John Callaway (August 22, 1936 – June 23, 2009) was an American journalist, who appeared on radio and television as a host, interviewer and moderator. He was the original host of Chicago Tonight, a nightly news program broadcast on the Chicago, Illinois television station WTTW, serving in that role from 1984 to 1999.
John Callaway was born and raised in New Martinsville, West Virginia, in 1936. While growing up John's father owned a weekly newspaper. After his father became ill, hospital bills left him unable to help pay for college. Callaway had already accrued $800 in loans and a job as a dishwasher could not cover his expenses. He dropped out of Ohio Wesleyan University after a little more than a year in college, telling the dean that he was dropping out of school temporarily and was hoping to earn enough money at the steel mills in the Chicago area to pay for the remainder of his college studies.

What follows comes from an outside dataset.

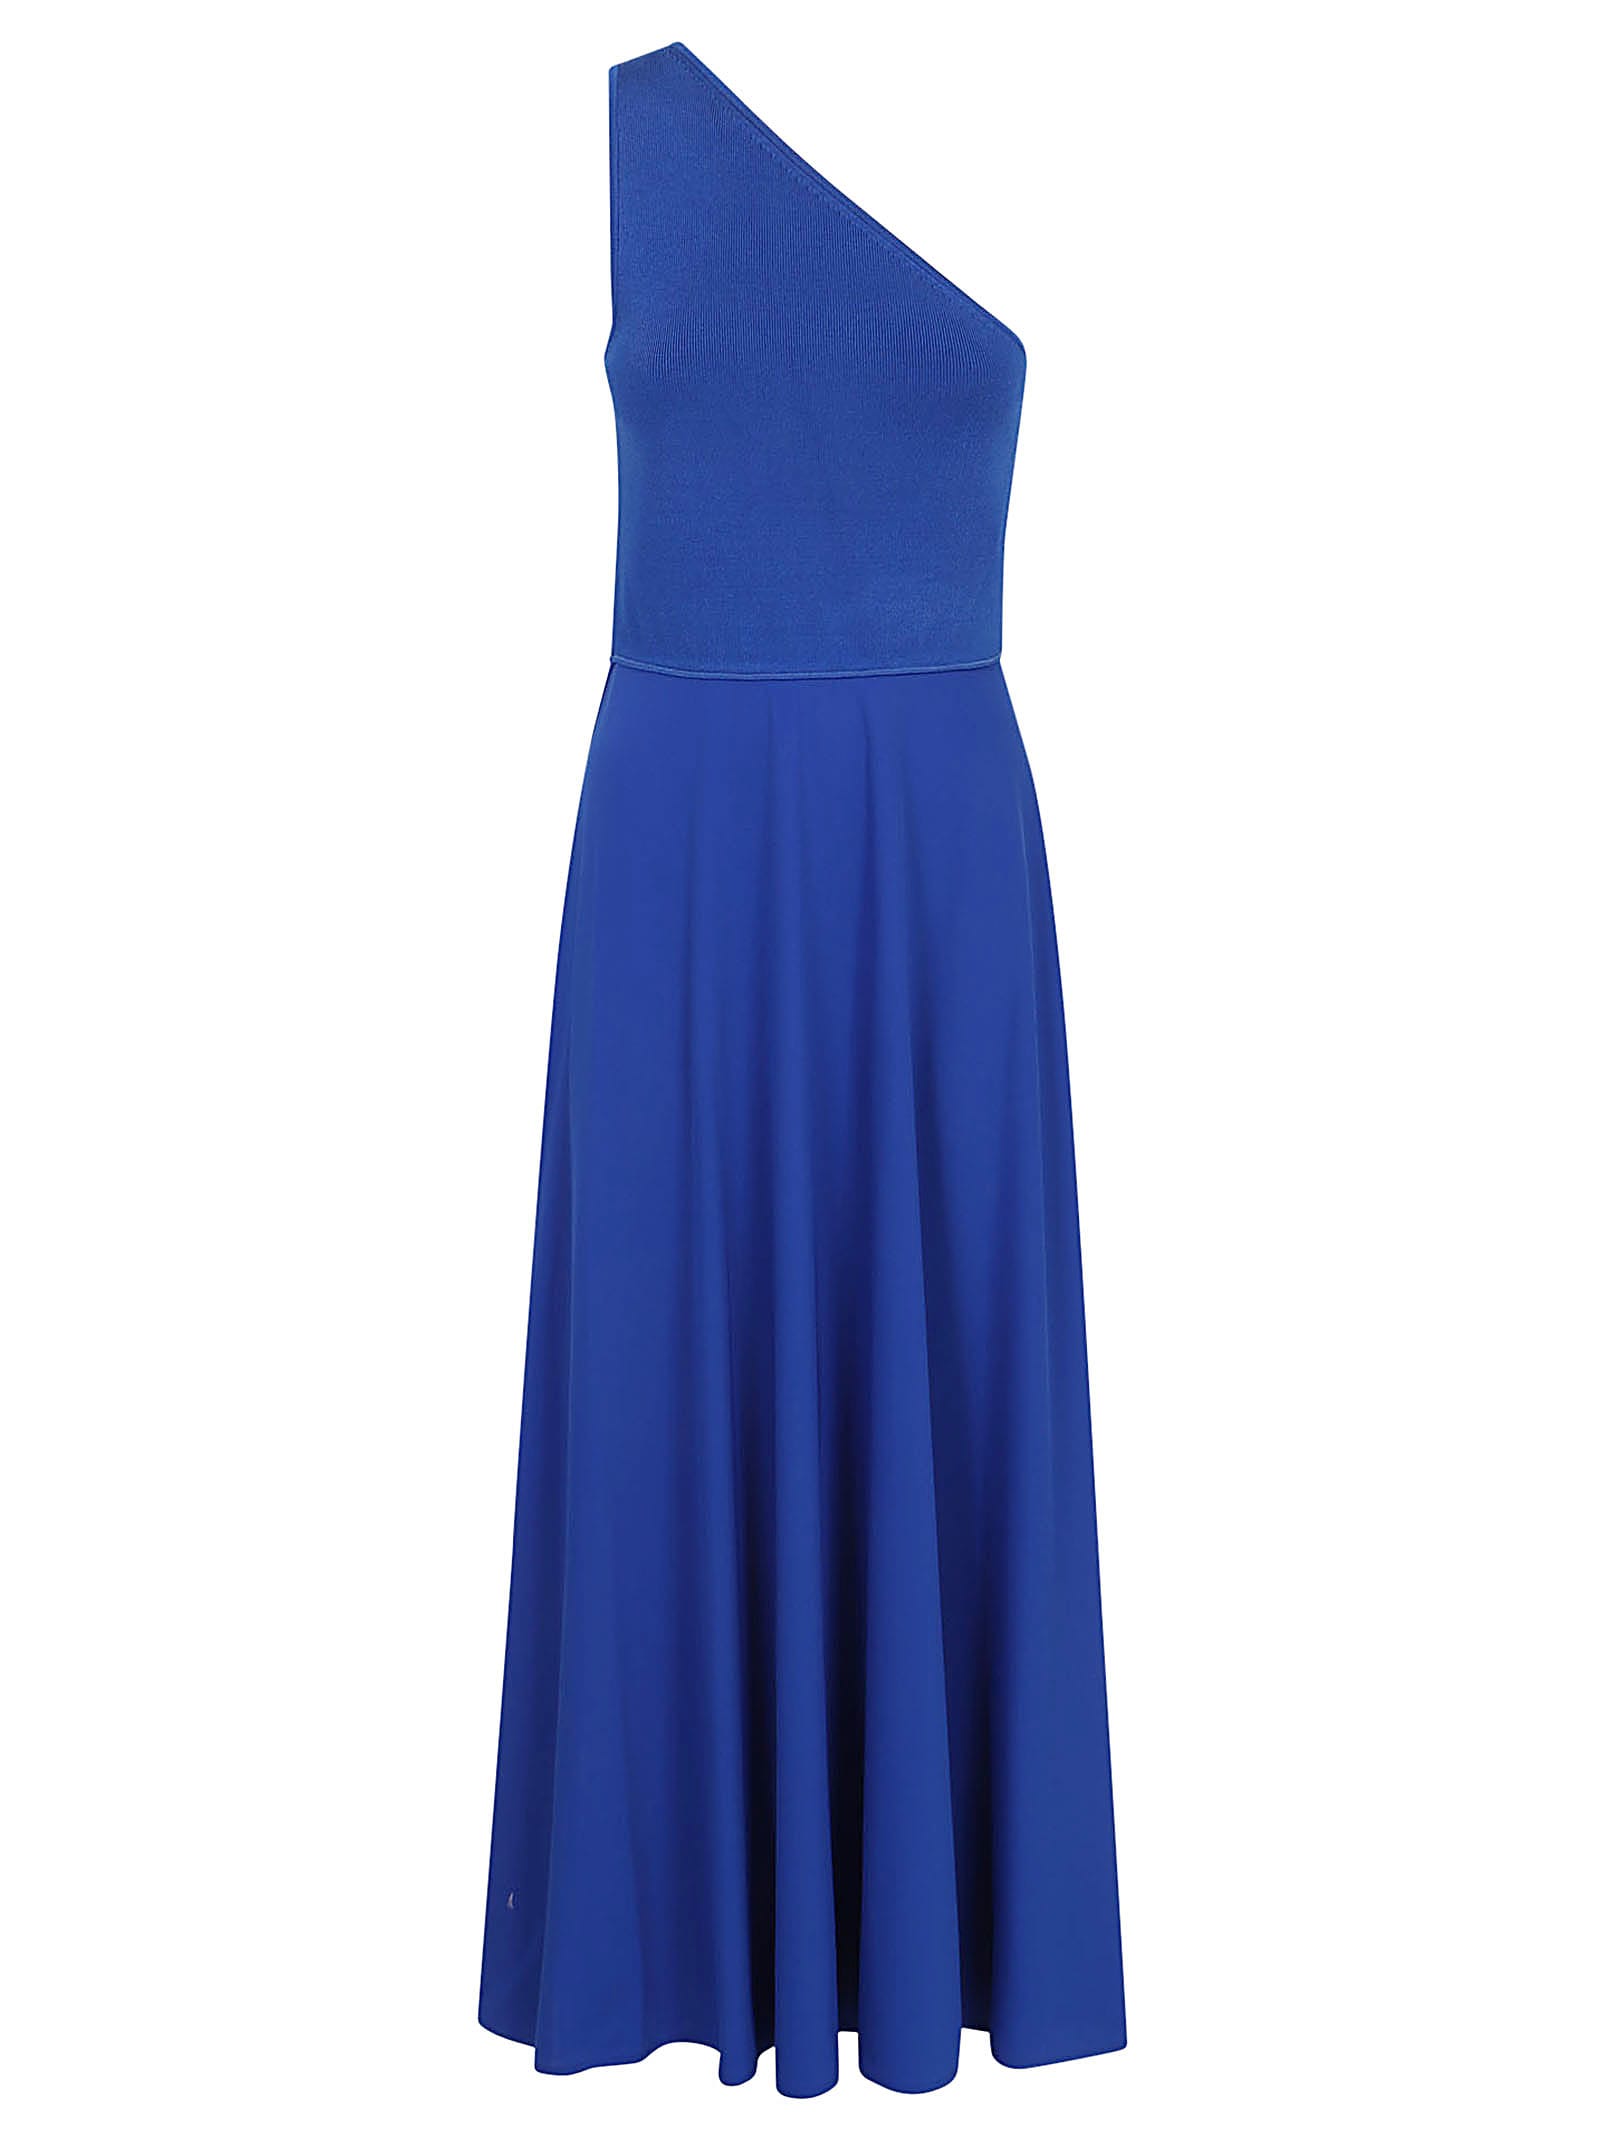 Sl Eline Dr-sleeveless-cocktail Dress Polo Ralph Lauren - BLUETTE - female - Size: Medium

The dean gave him $50, almost all of which was spent until he had only 71 cents left. He hitchhiked to Chicago through Ohio and Indiana, and was given a train ticket on the South Shore Line, arriving at Randolph Street Station on February 6, 1956, with the 71 cents in his pocket and immediately fell in love with the city.
He worked in a series of odd jobs, and was told that the steel mill idea wouldn't work out. He took acting classes at night, which lasted until his instructor told him "Callaway, you're the worst actor I've ever had the pleasure of working with." He went on to tell him about a position that would fit with his father's career, where reporters could enjoy the free food available at political dinners.
This led Callaway to his first media job, at Chicago's City News Bureau, where he was employed as a police reporter. He was hired in 1957 by WBBM-TV and its associated radio stations, a CBS affiliate, as a reporter and documentary producer. There he won several national awards for The House Divided, a 13-segment documentary on the civil rights movement in the United States. As WBBM's News Director, he oversaw the station's 1968 conversion to an all-news radio format. He came back to Chicago in 1973 after being employed in New York City as a vice president of CBS Radio, and became the WBBM-TV lead reporter.